The Family Court has rejected a 41-year-old solicitor’s plea for continued financial support from his parents - and ordered him to pay their costs from his failed application.
The claimant in FS v RS and JS submitted he was a vulnerable adult who, without the court’s protective help, was immediately at risk of harm after his wealthy parents had ‘nurtured his dependency’ on them for the past 20 years. The court heard that his parents had financially supported him down the years and allowed him to live in their central London flat, but their relationship had recently deteriorated and the support they are prepared to offer significantly reduced.
In judgment published today, the retired former head of the Family Division, Sir James Munby, described it as a ‘most unusual’ case. The initial reaction of most experienced family lawyers ‘would be a robust disbelief that there is even arguable substance to any of it’.
Munby said that the court did not have jurisdiction to give the applicant the relief he sought, and rejected submissions that the parents had breached their son’s human rights.
He said provisions in the law for parents to fund their child into adulthood were not applicable here, adding that ‘conventional wisdom and practice would suggest that these provisions were never intended to be used and cannot be used to fund the education of a perpetual student’.

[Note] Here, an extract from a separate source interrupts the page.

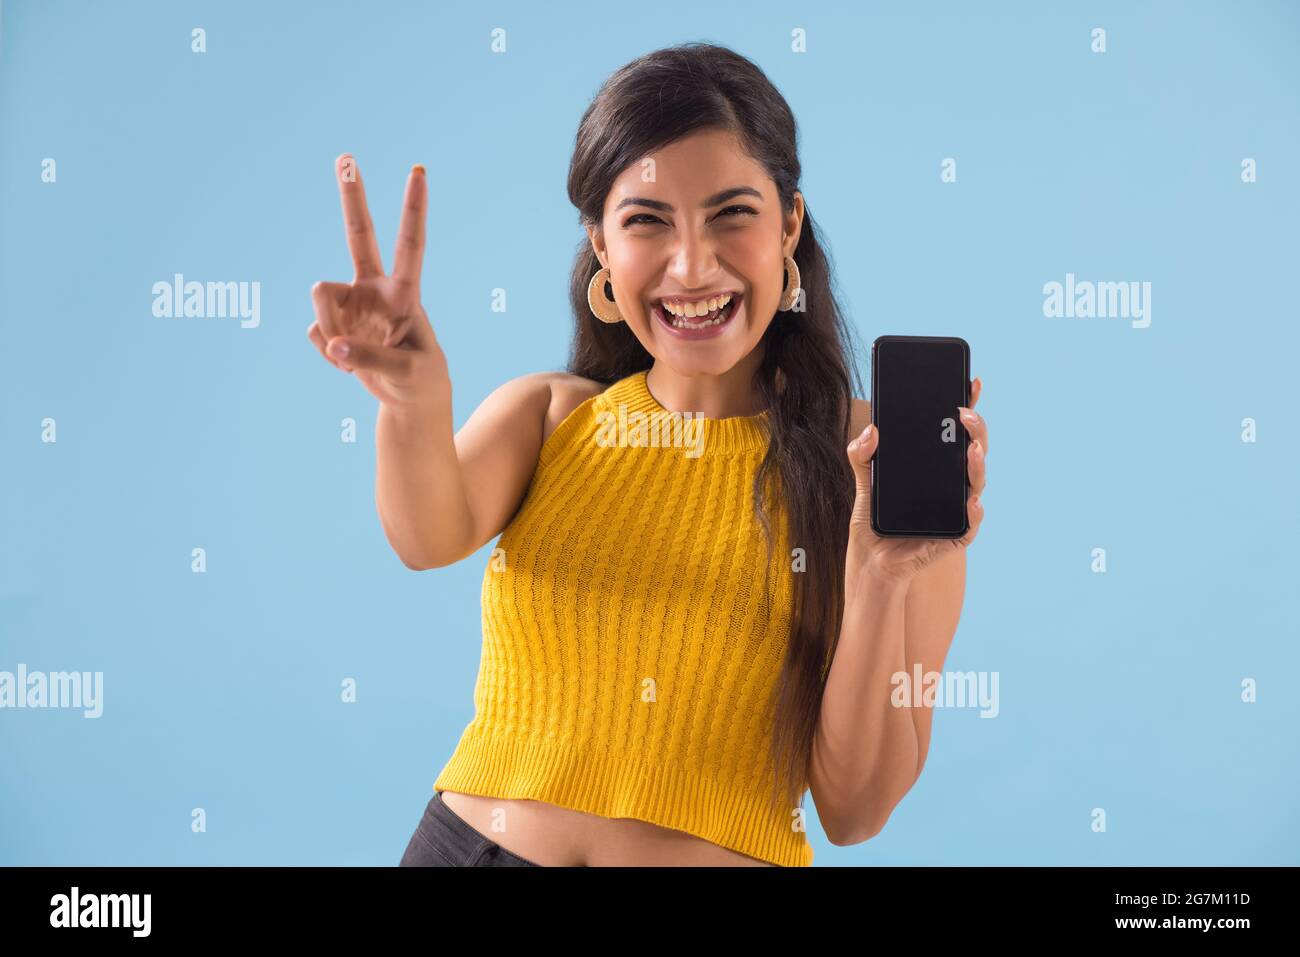 A young woman making the victory sign while showing her mobile. Stock Photo

Writing in a postscript following attempts to revisit the arguments, the judge added: ‘I had already, despite the additional burden of costs this threw on to the respondents, been prepared to indulge the applicant, not once but twice, after the argument had been concluded. His further attempts to expand and reopen the argument are an abuse of process. Enough is enough. There must be an end to this.’
The court heard that the claimant was a modern history graduate, qualified solicitor, has a masters in taxation and is now studying for his chartered tax advisory and law school admission test exams. His various difficulties and mental health disabilities, he submitted, constituted ‘special circumstances’ that could require ongoing financial support from his parents. He invited the court to say that it had both the jurisdiction and the duty to protect him rather than abandon him to the ‘capricious decisions’ of his parents.
Even when Munby’s ruling was circulated, Munby was ‘staggered’ to receive an email raising a new point, with no explanation why this had not been mentioned earlier.
The claimant was ordered to pay his parents’ £57,425 costs. His applications for permission to appeal and a stay of execution were dismissed.